### Provided data
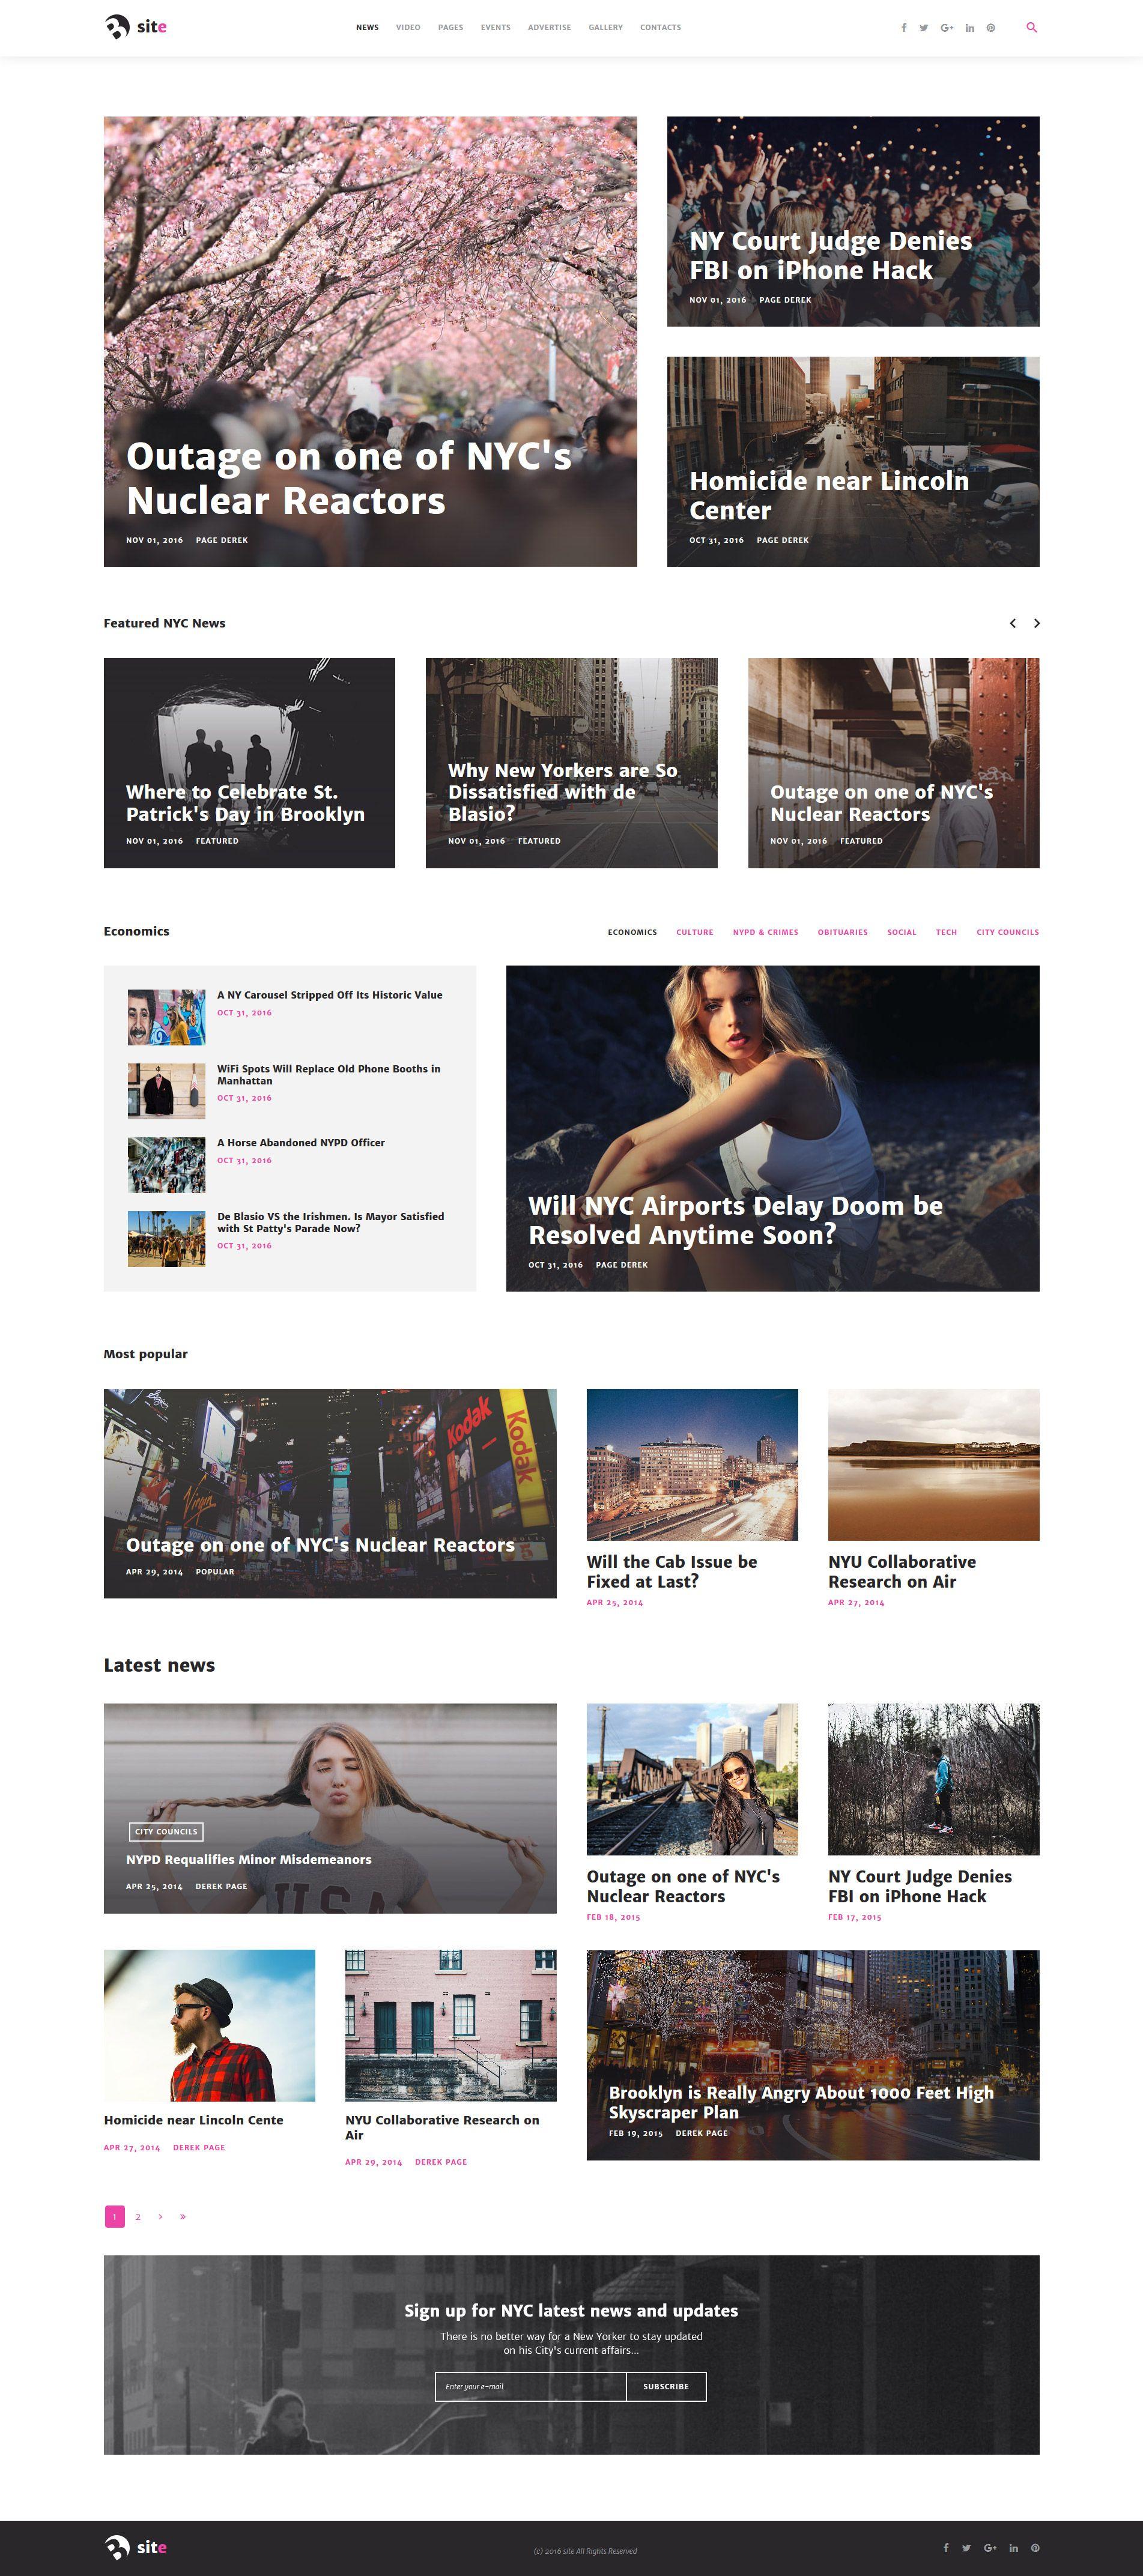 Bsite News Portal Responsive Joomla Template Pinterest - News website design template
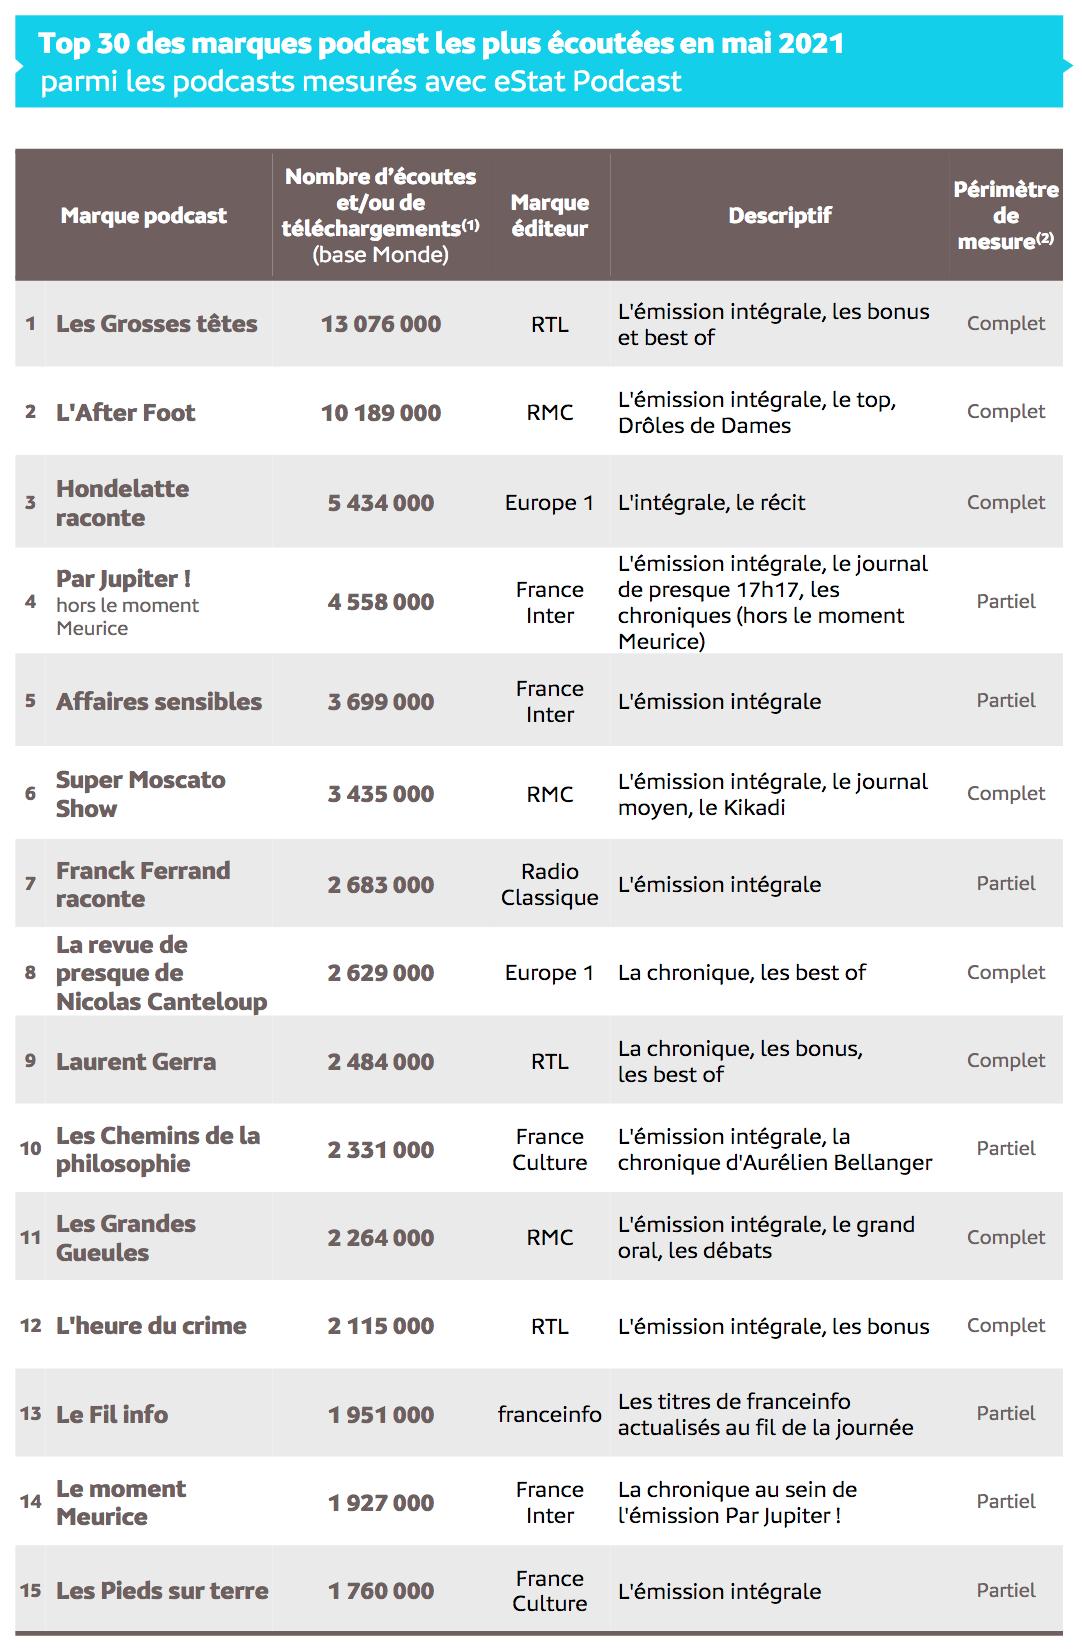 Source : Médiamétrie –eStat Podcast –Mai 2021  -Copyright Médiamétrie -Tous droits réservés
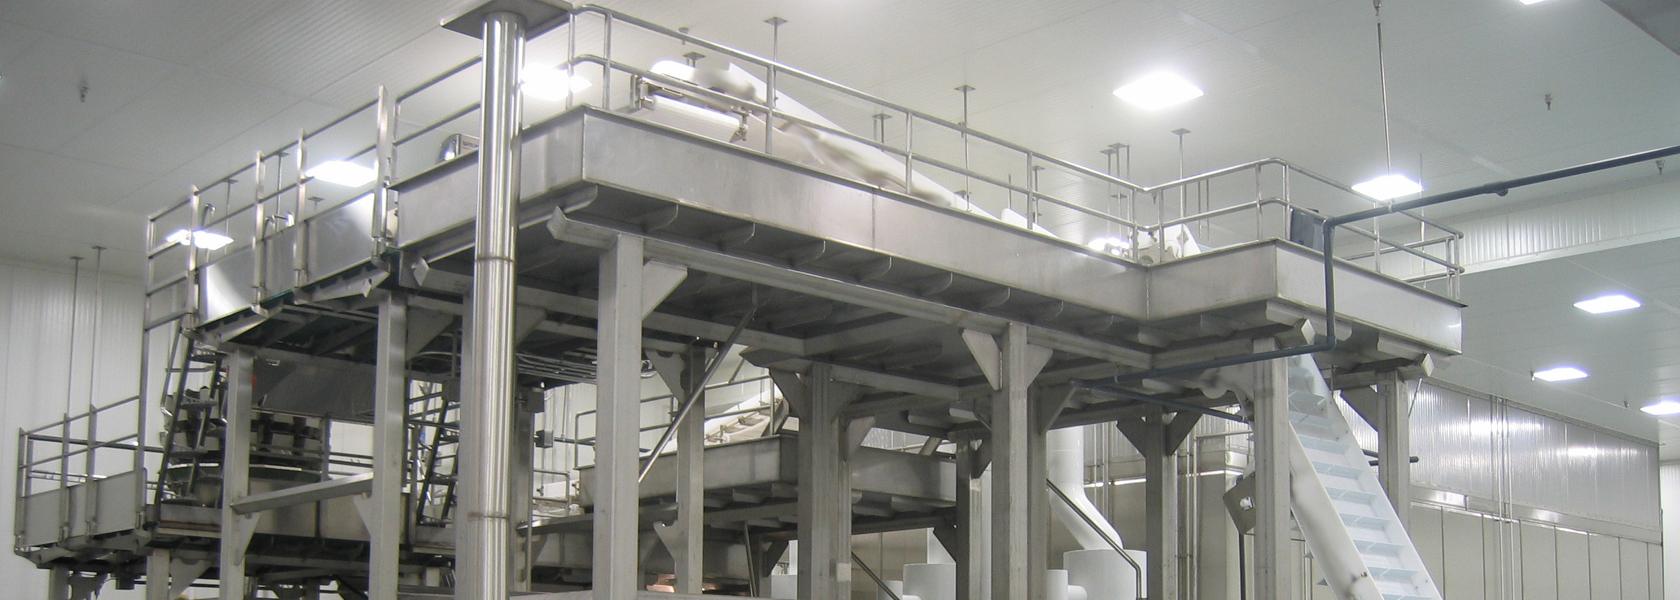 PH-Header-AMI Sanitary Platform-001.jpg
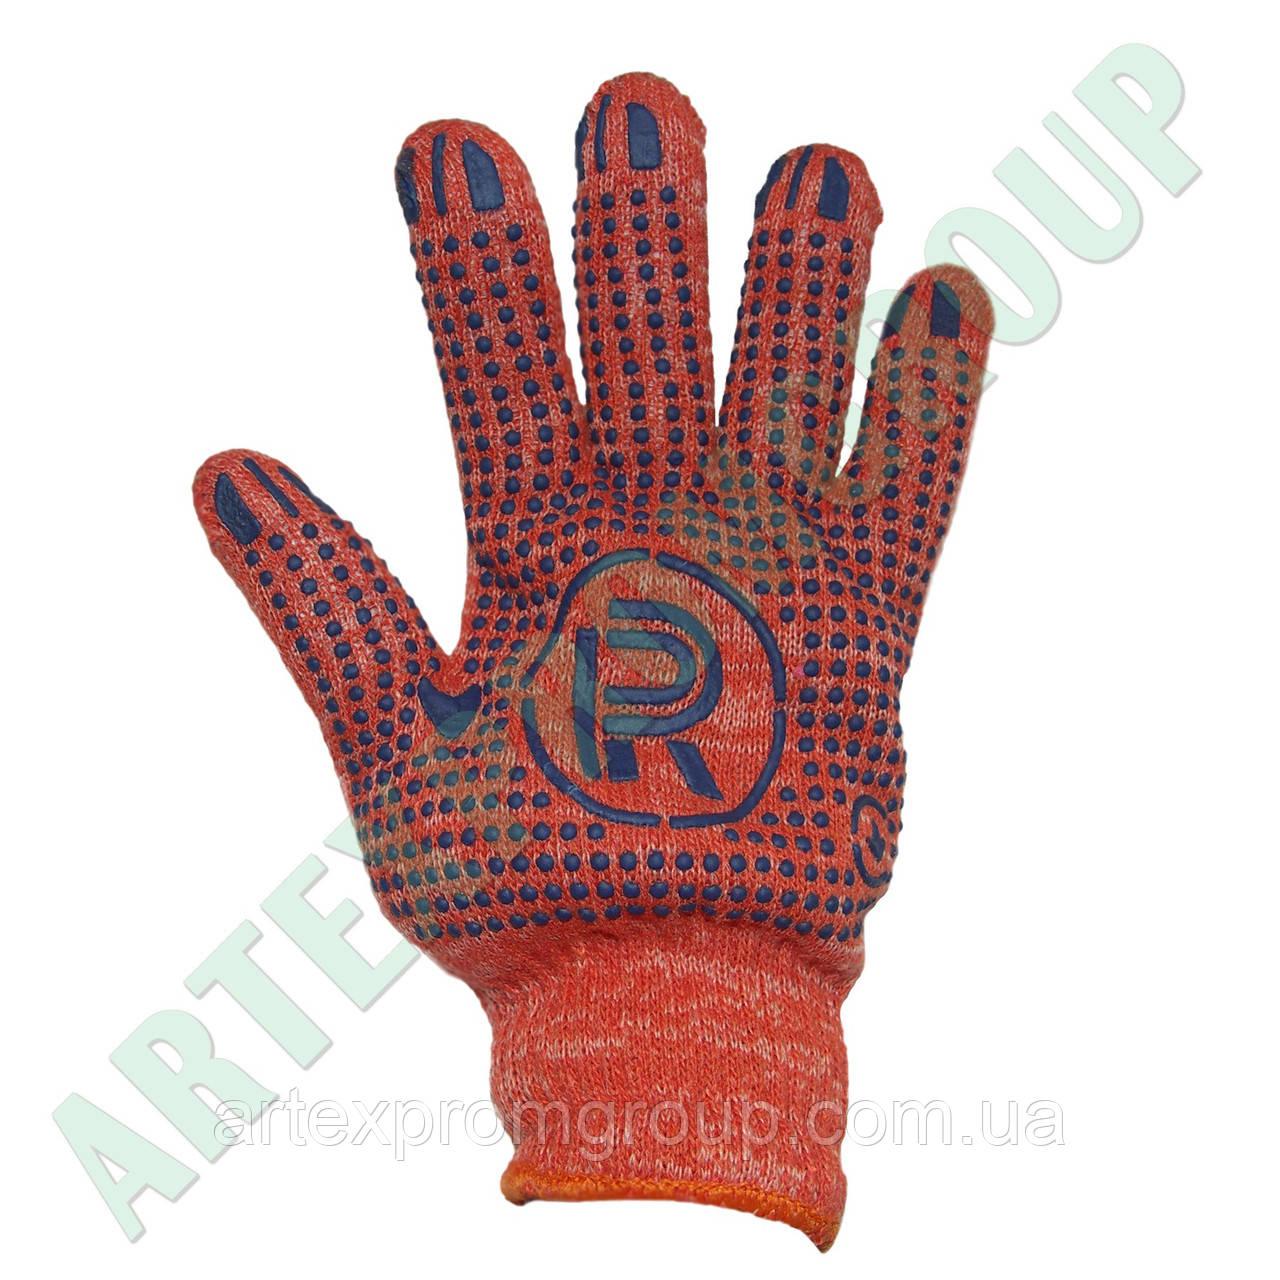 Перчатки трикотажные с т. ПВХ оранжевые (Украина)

### Exercise prompt
Your answer should contain all the material above, written out exactly, and none of the pictures.

### Solution below
 Bsite News Portal Responsive Joomla Template Pinterest - News website design template
 Source : Médiamétrie –eStat Podcast –Mai 2021  -Copyright Médiamétrie -Tous droits réservés
 PH-Header-AMI Sanitary Platform-001.jpg
 Перчатки трикотажные с т. ПВХ оранжевые (Украина)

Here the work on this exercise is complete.